Criminals have always figured out new ways to perpetrate account takeover (ATO) fraud, and a popular new method exploits a very common method of authentication: customer phone numbers.
A new report indicates that account takeover on mobile phone became nearly twice as prevalent in only one year. Mobile phone accounts represented 12 percent of all takeovers in 2016, up from 7 percent in 2015. In each case, cybercriminals sought to monetize mobile accounts and leverage them to compromise the mobile-based alerting and authentication solutions that financial institutions, issuers, and other businesses rely on to prevent fraud.
While address change is still a preferred path for fraudsters, phone number changes are increasingly becoming a setup event for ATO. Conversations with several ID Insight clients uncovered that account takeover schemes associated with fraudulent phone numbers were becoming prevalent.
The scam often works like this:
- When large money transfers are requested, banks place an outbound call or text message to the customer to confirm the transaction
- Once fraudsters have access to customer account information, they change the pertinent contact details – including address and phone number – to ensure that any attempts at verification are routed directly to the criminals
- When the bank contacts the “customer” to authorize these changes or transactions, they’re just confirming the details with the fraudster
- Once the transaction is approved, the criminal drains the account and moves on to the next victim before the customer realizes that the bank’s well-meaning security processes only enabled the fraudster.
Since several of our financial institution clients were already providing ID Insight customer phone numbers (as input to our fraud prevention solutions), we were able to investigate the emerging phone scheme. Our analysis revealed interesting patterns that – when taken together – often point directly to fraud:
- The greater the geographic distance between the old and new phone numbers, the greater the fraud risks.

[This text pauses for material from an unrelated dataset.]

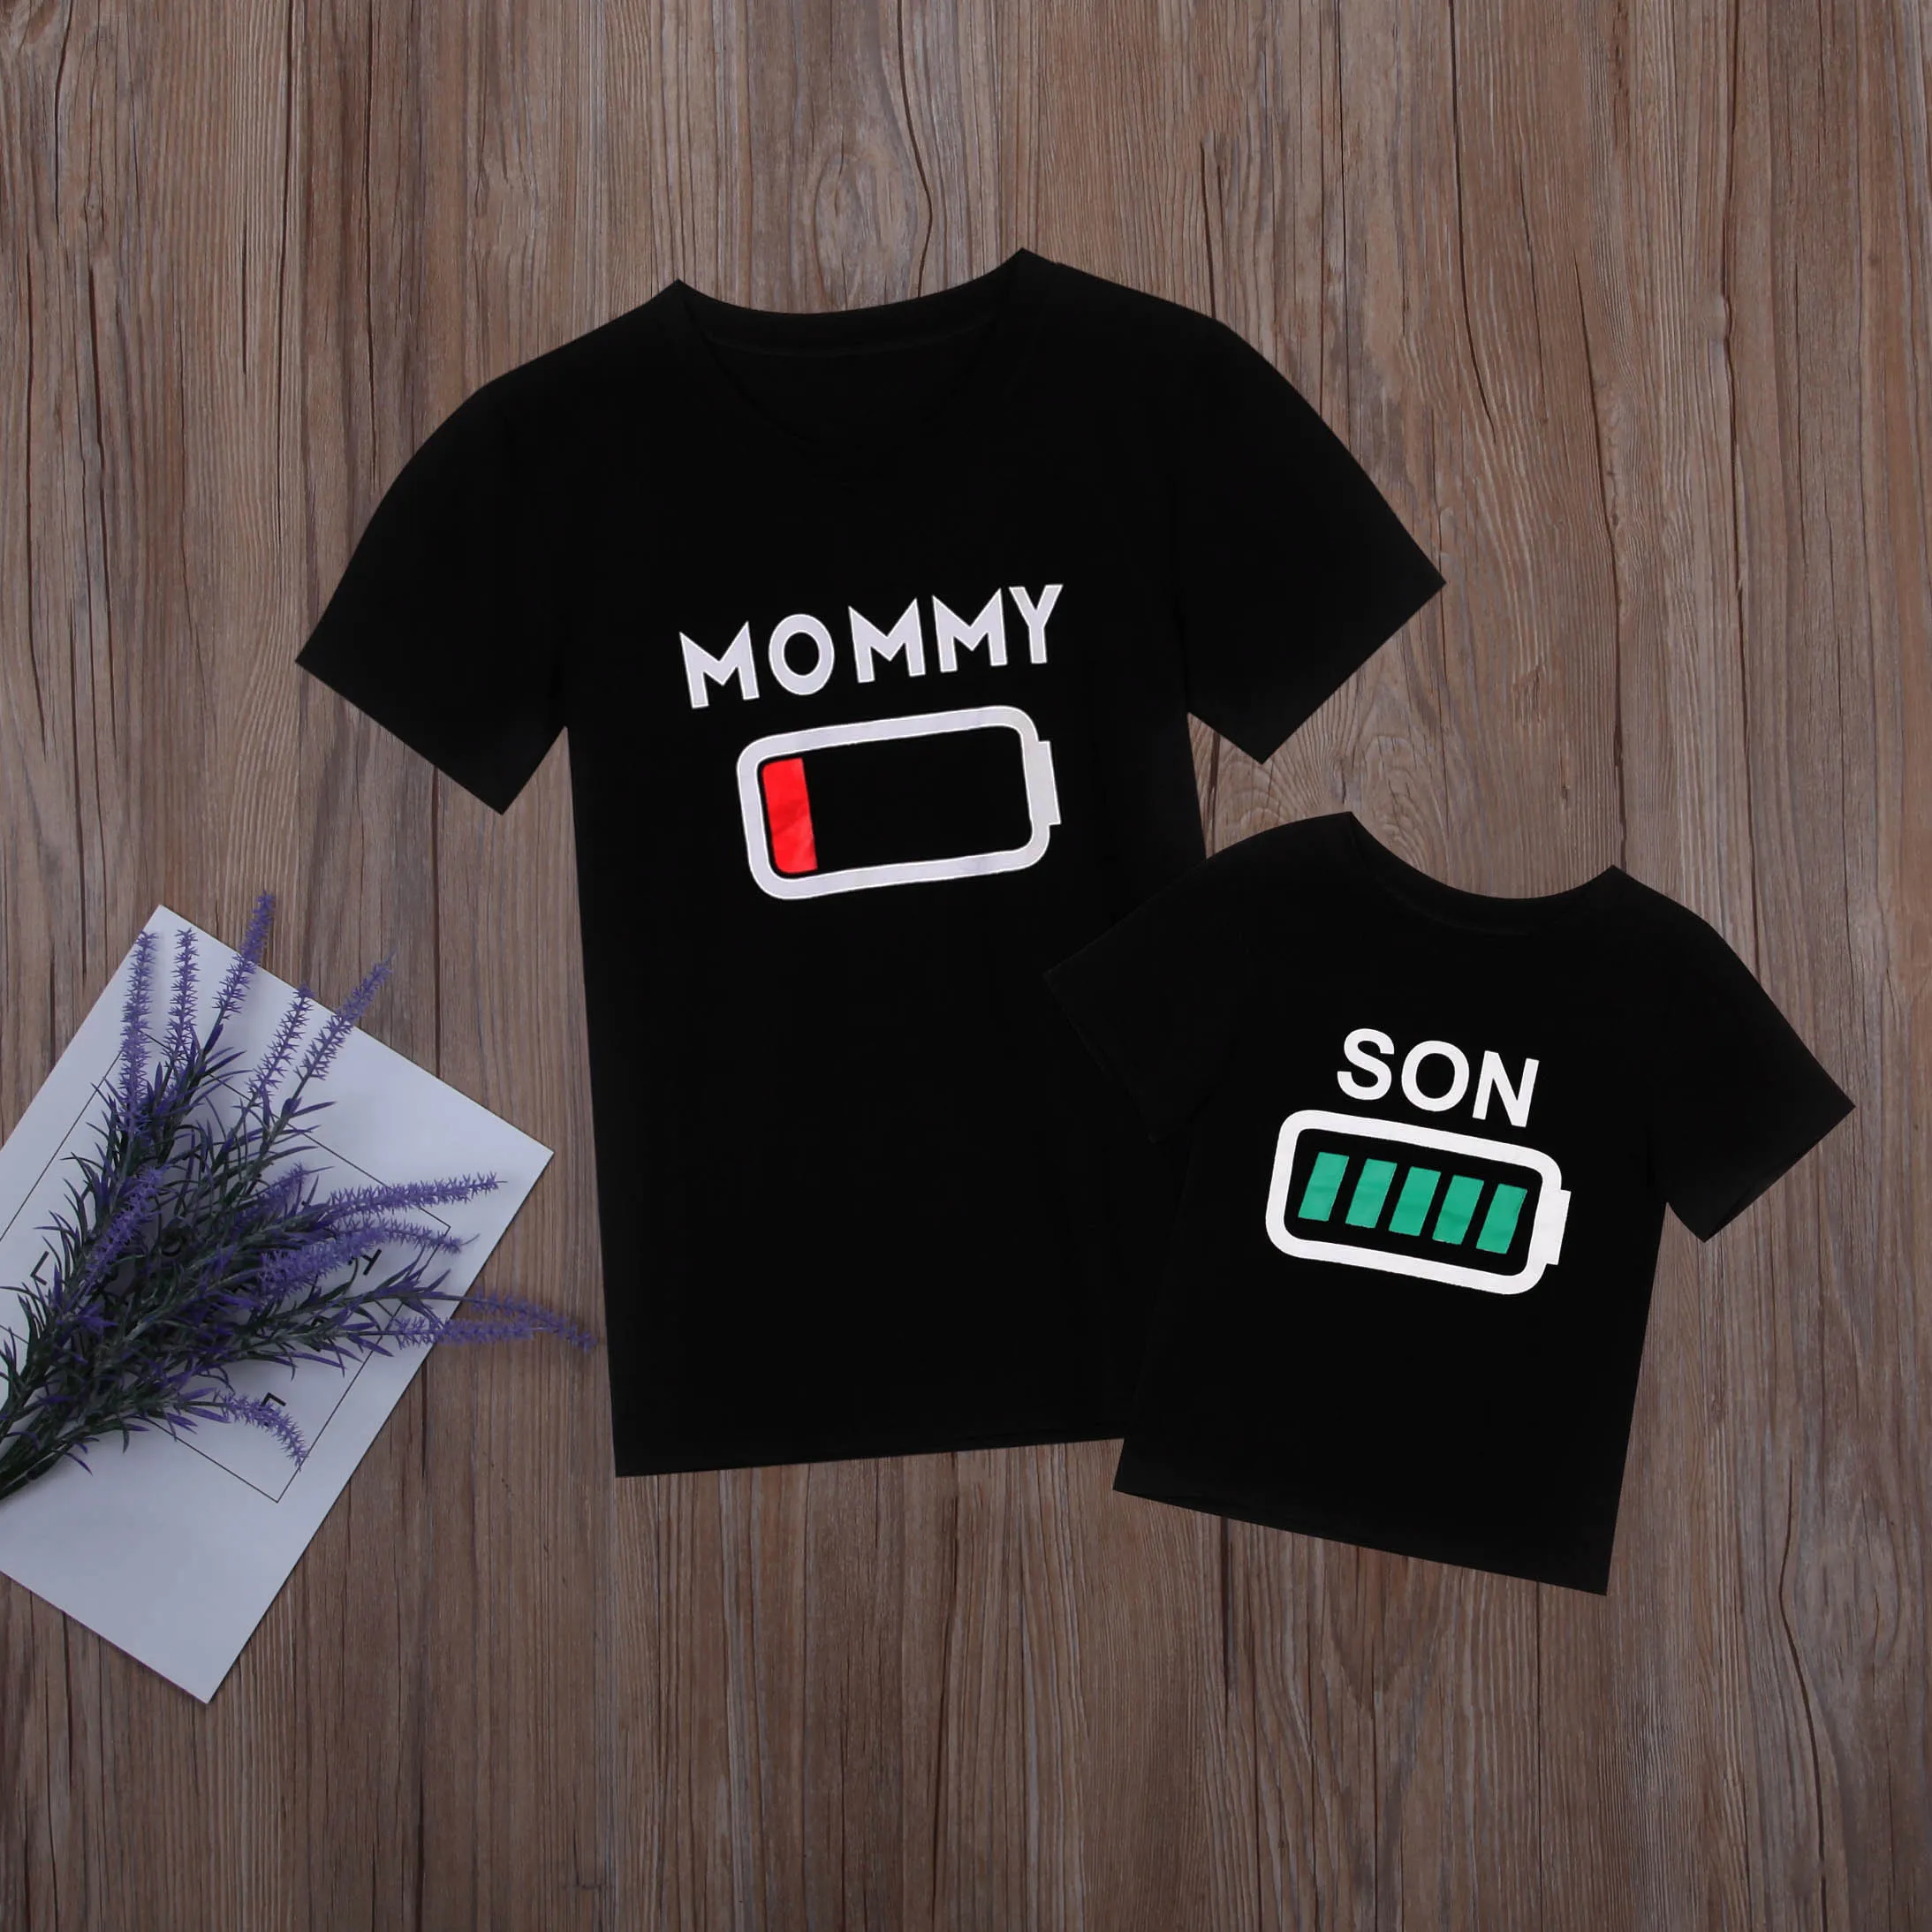 Одинаковые футболки для маленьких мальчиков и женщин; Футболка с принтом батареи; повседневная одежда; одежда для мамы и сына; футболки с принтом

A change from San Francisco to Sacramento might not draw scrutiny but a change from Baltimore to Spokane may be more indicative of fraud.
- Greater distances between address and phone number. While customers sometimes keep out-of-town phone numbers when moving to a new area code, a phone number that doesn’t match the city or state of residence deserves added scrutiny.
- Changes in phone type. Customers continue to “cut the cord” with landline phones, so any change from a mobile phone number to a landline suggests higher risk than mobile-to-mobile changes.
- Changes in carrier type. Due to their transient nature, repaid phone numbers and voice-over-IP (VoIP) numbers are far riskier than landlines or post-paid mobile phones when it comes to fraud.
- Urban versus rural. A customer who has spent years using a phone with a rural area code before suddenly changing to an urban area code is worth additional scrutiny.
- NPA NXX (Area Code/Exchange). Many U.S. overseas territories have three-digit area codes and prefixes similar to those in the 50 states, and a basic validation check can reveal whether a phone number has been issued in the U.S.
- Many customers legitimately keep their phone numbers when changing service providers, but new phone numbers that have been recently ported are especially high risk.
- Business phone numbers. If a customer suddenly changes a phone number from a residential or personal number to a business (particularly businesses with a high incidence of fraud, such as check-cashing stores or private mailboxes), then further investigation is necessary.
- Phone number verification. Consumer names can easily be associated with specific phone numbers using independent verification sources. If a customer requests a change to a number that’s already associated to another individual, then the risk of fraud is increased significantly.
These are just some of the individual characteristics and peculiarities of phone number changes that are indicative of suspicious activity. When these individual attributes are combined together in a predictive model, the results are powerful. Paying close attention to phone number changes can alert banks to potential account takeover schemes and help them mitigate risk, while ensuring they can continue to leverage the mobile channel to benefit their businesses.
As with other forms of fraud, only a small percentage of customer-initiated phone changes are fraudulent. But by scrutinizing these changes using data-driven analytics, banks can more easily determine when the phone is baloney.